O Globo, Brasil, p. 12 e 13
29 de Jan de 2023

Terra Indígena Yanomami sofre com segunda investida do garimpo ilegal
Ao contrário de invasões dos anos 1980 e 90, invasores avançam com dragas pesadas, barulhentas e mais destrutivas

Por Lucas Altino e Paula Ferreira - Rio e Brasília
29/01/2023 04h30 Atualizado há 7 horas

Há cerca de mil anos, o Noroeste de Roraima e a Venezuela já eram ocupados por eles, no entorno da Serra Parima e do Rio Orinoco. Milhões de hectares de rios e montanhas no coração da floresta foram, por séculos, casa abundante para uma das maiores populações indígenas que o país já teve. Guardiões da mata, os ianomâmis são guerreiros ancestrais, somam mais de 30 mil pessoas em 228 aldeias protegidas pelo verde da Amazônia. Ianomâmi quer dizer "seres humanos". Centenas de anos se passaram até que o nome da etnia, consagrado pela antropologia, ganhasse um sentido trágico: o inferno é o outro, neste caso, o garimpo.
A cortina do descaso cai, mais uma vez, sobre a história dos ianomâmis que quase sucumbiram ao seu maior inimigo nos anos 1980 e 90. Cerca de 40% morreram na primeira corrida pelo ouro, que chegou a reunir uma horda de 40 mil criminosos à época. A saga de sobrevivência, a duras penas, se repete. Antes mais artesanais, os garimpeiros hoje avançam com dragas pesadas, barulhentas e muito mais destrutivas.
- Se 40 mil garimpeiros fizeram um grande estrago à vida indígena, agora, 20 mil são capazes de exterminar a etnia. Junte-se a isso a entrada de traficantes de drogas, que vêm completar o sequestro dos indígenas - alerta a antropóloga Alcida Ramos, que, no passado, diante da ameaça do garimpo, atuou no processo de demarcação do Território Indígena Yanomami. - A aura artesanal do garimpo ilegal acabou, e há empresários e políticos poderosos que financiam insumos e máquinas.

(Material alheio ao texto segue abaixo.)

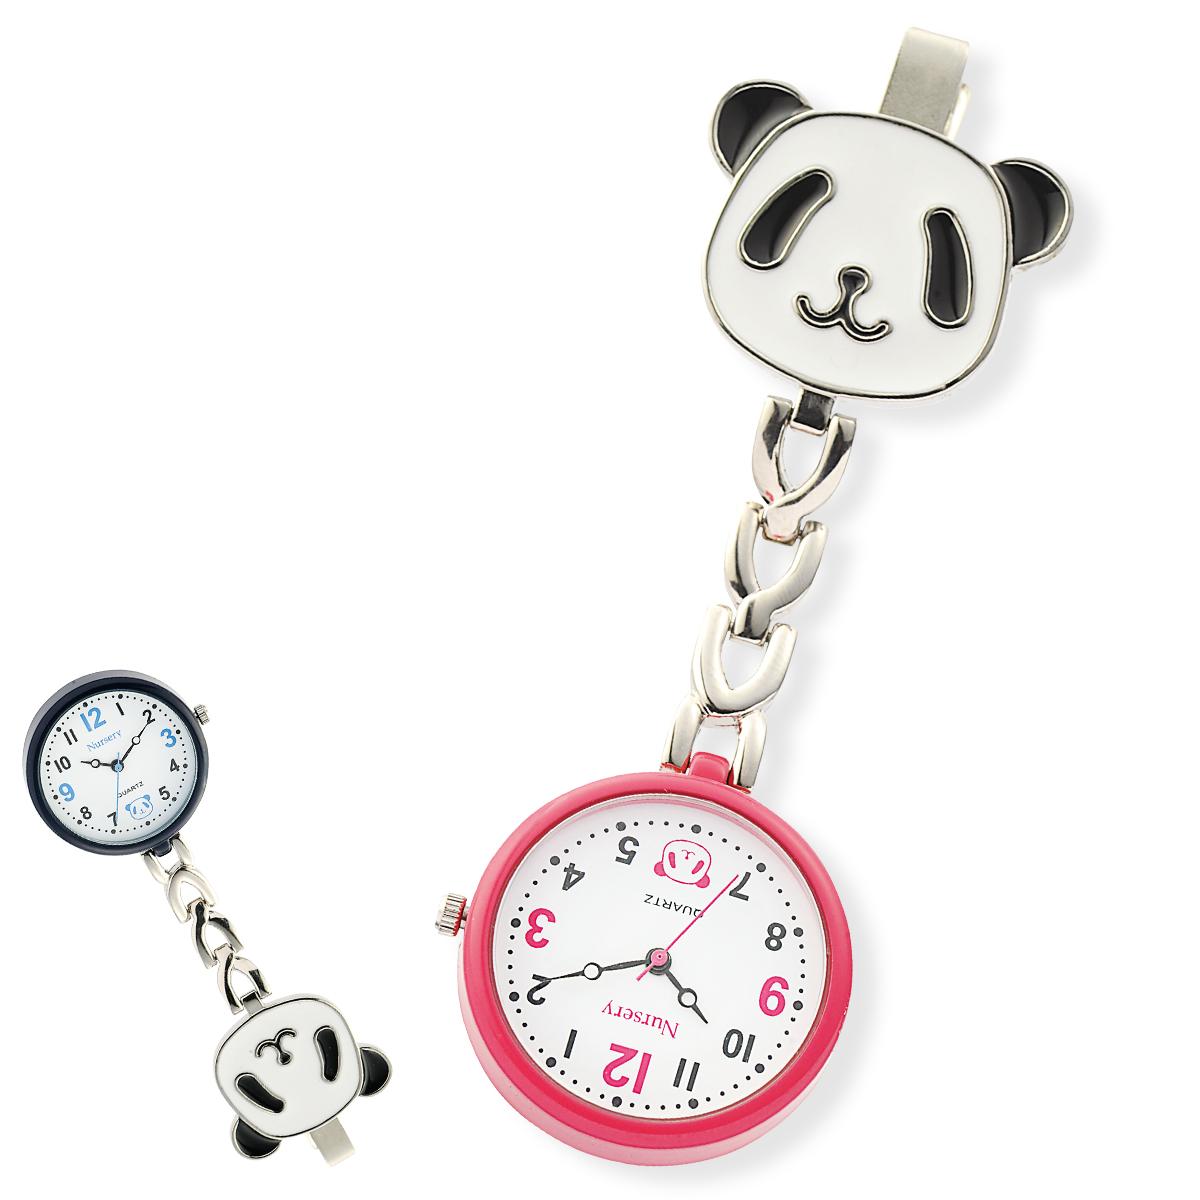 13646 パンダ クリップウォッチ【ナース 小物 ナースグッズ 看護師 医療 ウォッチ 時計】

Olhar para os ianomâmis no passado e olhá-los hoje choca. Os rostos, sobretudo das crianças, estão fundos e derretidos pela fome. Com a caça afugentada pelas máquinas e com os rios contaminados por mercúrio, usado na separação do ouro, falta comida e água. Empoderados pelo discurso do ex-presidente Jair Bolsonaro, o garimpo ilegal, de outubro de 2018 a dezembro de 2022, contribuiu para aumentar o desmatamento em 309% dentro da reserva, de acordo com o Instituto Socioambiental (ISA). As violações dos direitos dos indígenas e os crimes ambientais são pano de fundo da crise humanitária que levou à decretação de Emergência em Saúde Pública nas terras ianomâmis pelo recém-iniciado governo Lula.
A malária é um importante marcador do potencial de destruição do garimpo. Malária e garimpo têm uma ligação univitelina. Com base em dados do Distrito Sanitário Especial Indígena, o Mapbiomas traçou o caminho da doença no rastro da atividade criminosa, nas últimas duas décadas. O gráfico escancara uma curva praticamente igual entre as duas variáveis. Com pouco garimpo, 2003 teve 246 registros de malária no território. Em 2021, no auge da ocupação, foram 21.883. No ano passado, teriam sido 12.754 casos, um recuo atribuído à subnotificação com o fechamento dos polos de saúde do distrito.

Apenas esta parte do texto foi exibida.